The unrecognized extragonadal germ cell cancer syndrome.

作者信息

Richardson R L, Schoumacher R A, Fer M F, Hande K R, Forbes J T, Oldham R K, Greco F A

出版信息

Ann Intern Med. 1981 Feb;94(2):181-6. doi: 10.7326/0003-4819-94-2-181.
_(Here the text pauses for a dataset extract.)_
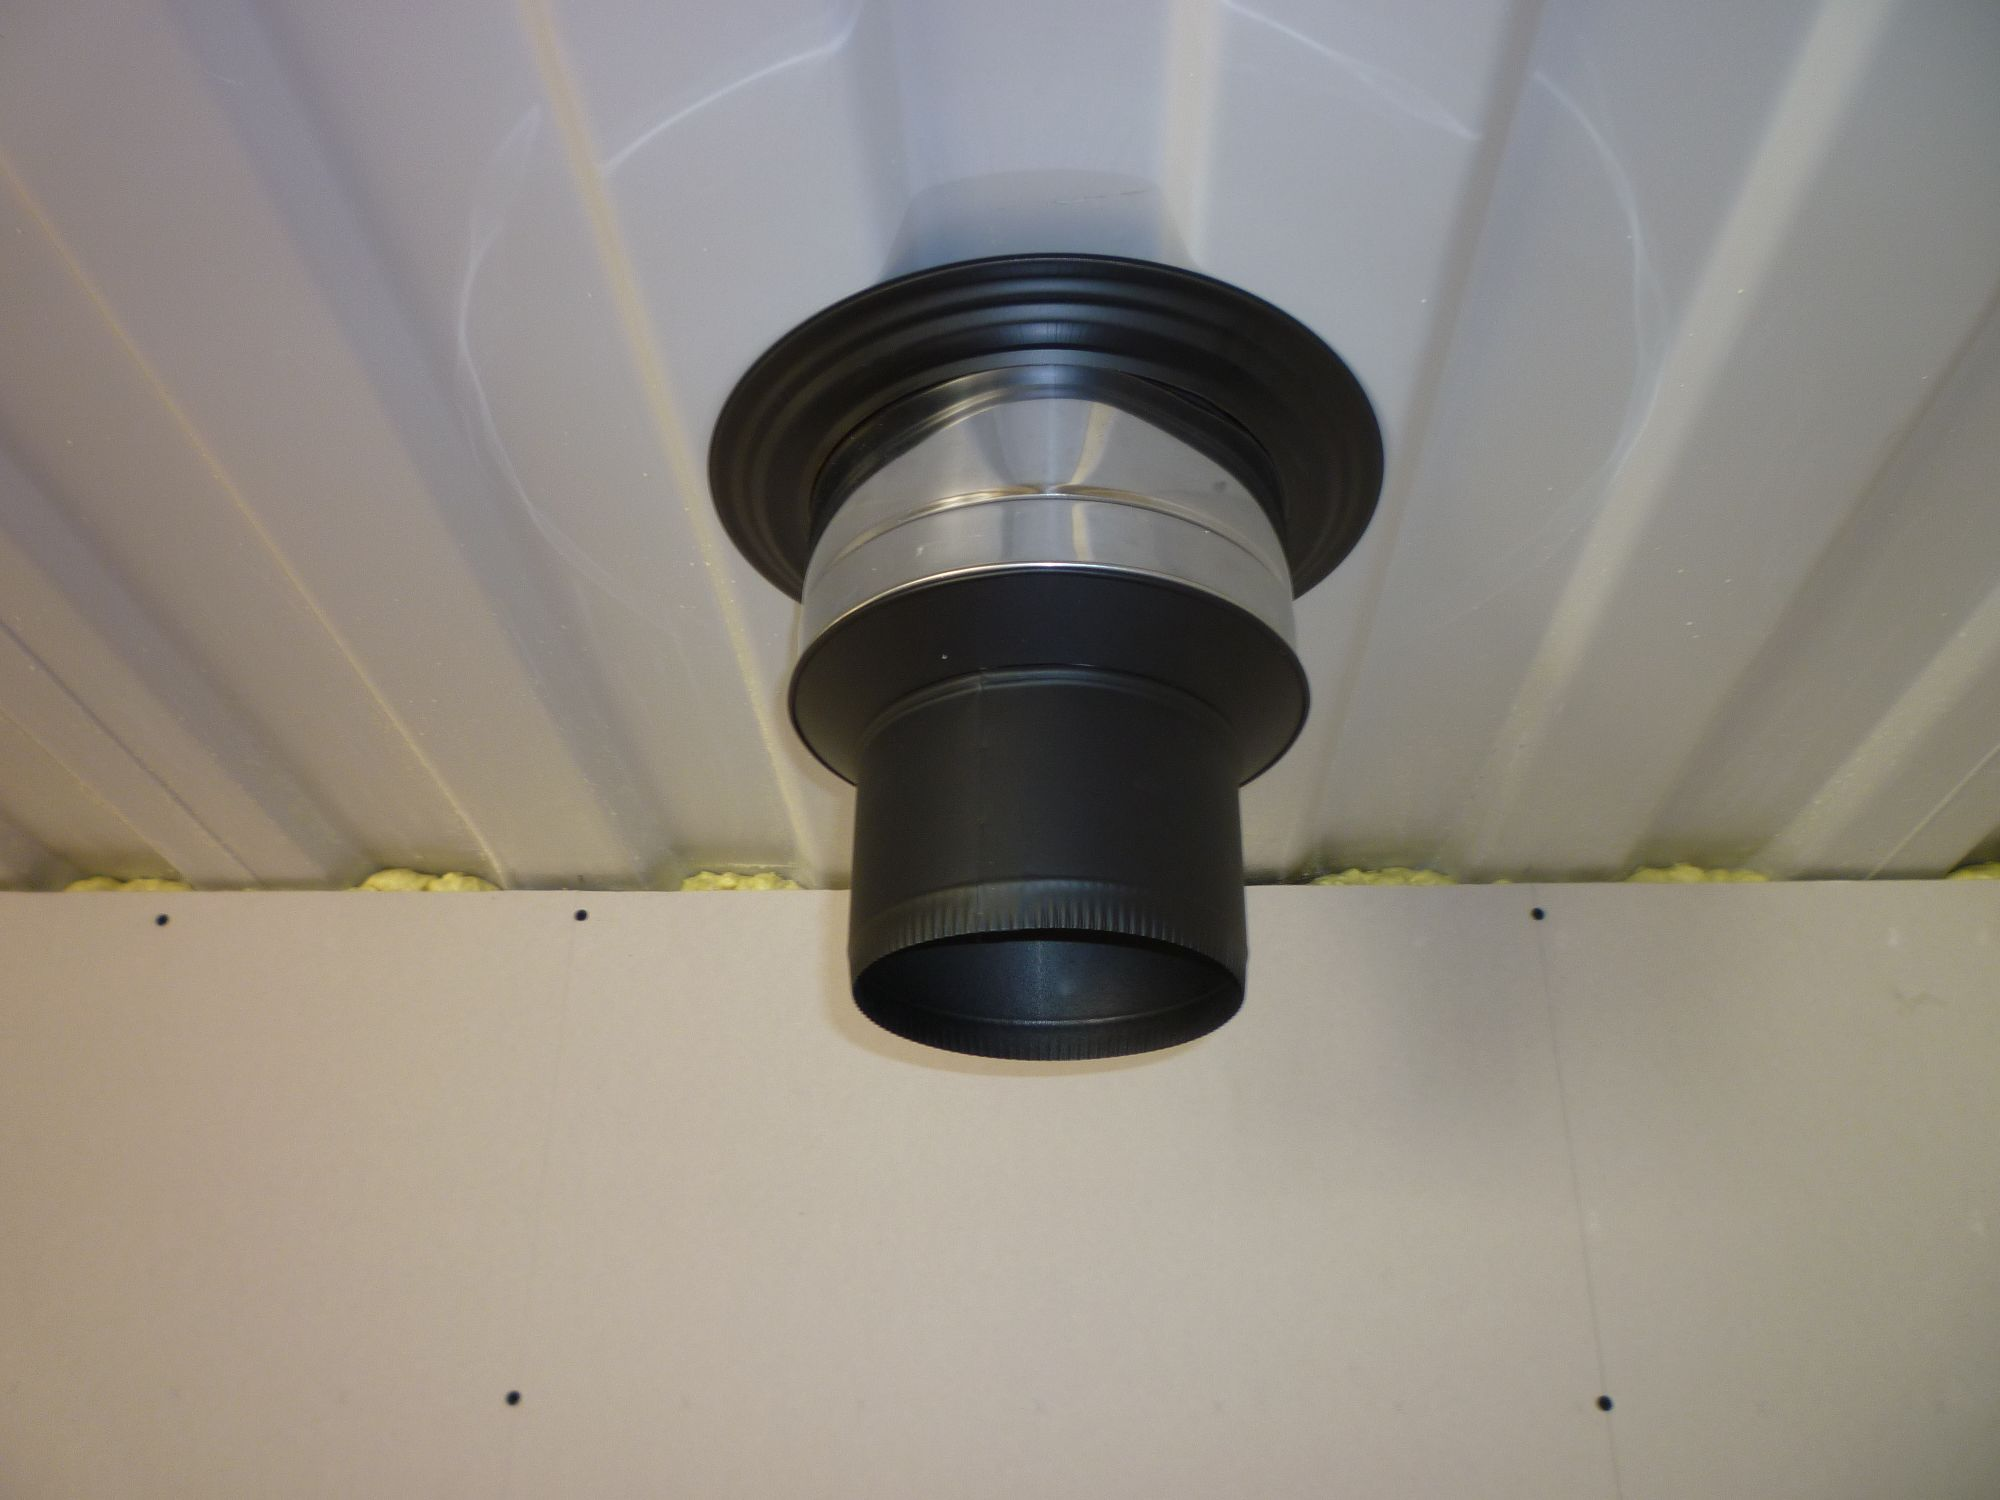 Stove Chimney: Install Stove Chimney Pipe

DOI:10.7326/0003-4819-94-2-181
PMID:6162409
Abstract

Within 3 years we saw 12 patients diagnosed initially as having poorly differentiated or undifferentiated carcinomas who, we believe, actually had extragonadal germinal cancers. Serum levels of the beta subunit of human chorionic gonadotropin (beta-HCG) or alpha-fetoprotein were useful in suggesting and supporting the diagnosis: Levels of one or the other were elevated in six of 10 patients in whom they were measured but levels of both, in only one patient. Staining of histologic specimens for beta-HCG or alpha-fetoprotein showed intracellular localization of one of these markers in the cancer cells of all four patients studied. All patients responded to therapy (11 treated with chemotherapy with or without radiotherapy, one with excision and radiotherapy only), with complete remissions in seven of 12. Two of the patients who had a complete remission have experienced relapse, and five have continued in disease-free remission from more than 8 to more than 56 months. Histologically atypical extragonadal germ cell neoplasms may be commoner than previously supposed. Physicians should consider this treatable and potentially curable cancer in selected patients having poorly differentiated or undifferentiated carcinomas.

摘要

在3年时间里,我们见到了12例最初被诊断为低分化或未分化癌的患者,我们认为他们实际上患的是性腺外生殖细胞癌。血清人绒毛膜促性腺激素β亚基(β-HCG)或甲胎蛋白水平有助于提示和支持诊断:在检测这两种指标的10例患者中,有6例其中一项指标升高,而两项指标都升高的仅1例。对组织学标本进行β-HCG或甲胎蛋白染色显示,在所有4例接受研究的患者的癌细胞中,这两种标志物之一呈细胞内定位。所有患者对治疗均有反应(11例接受了化疗,联合或不联合放疗,1例仅接受了切除和放疗),12例中有7例完全缓解。2例完全缓解的患者出现了复发,5例持续无病缓解超过8至56个月。组织学上非典型的性腺外生殖细胞肿瘤可能比以前认为的更为常见。对于患有低分化或未分化癌的特定患者,医生应考虑到这种可治疗且可能治愈的癌症。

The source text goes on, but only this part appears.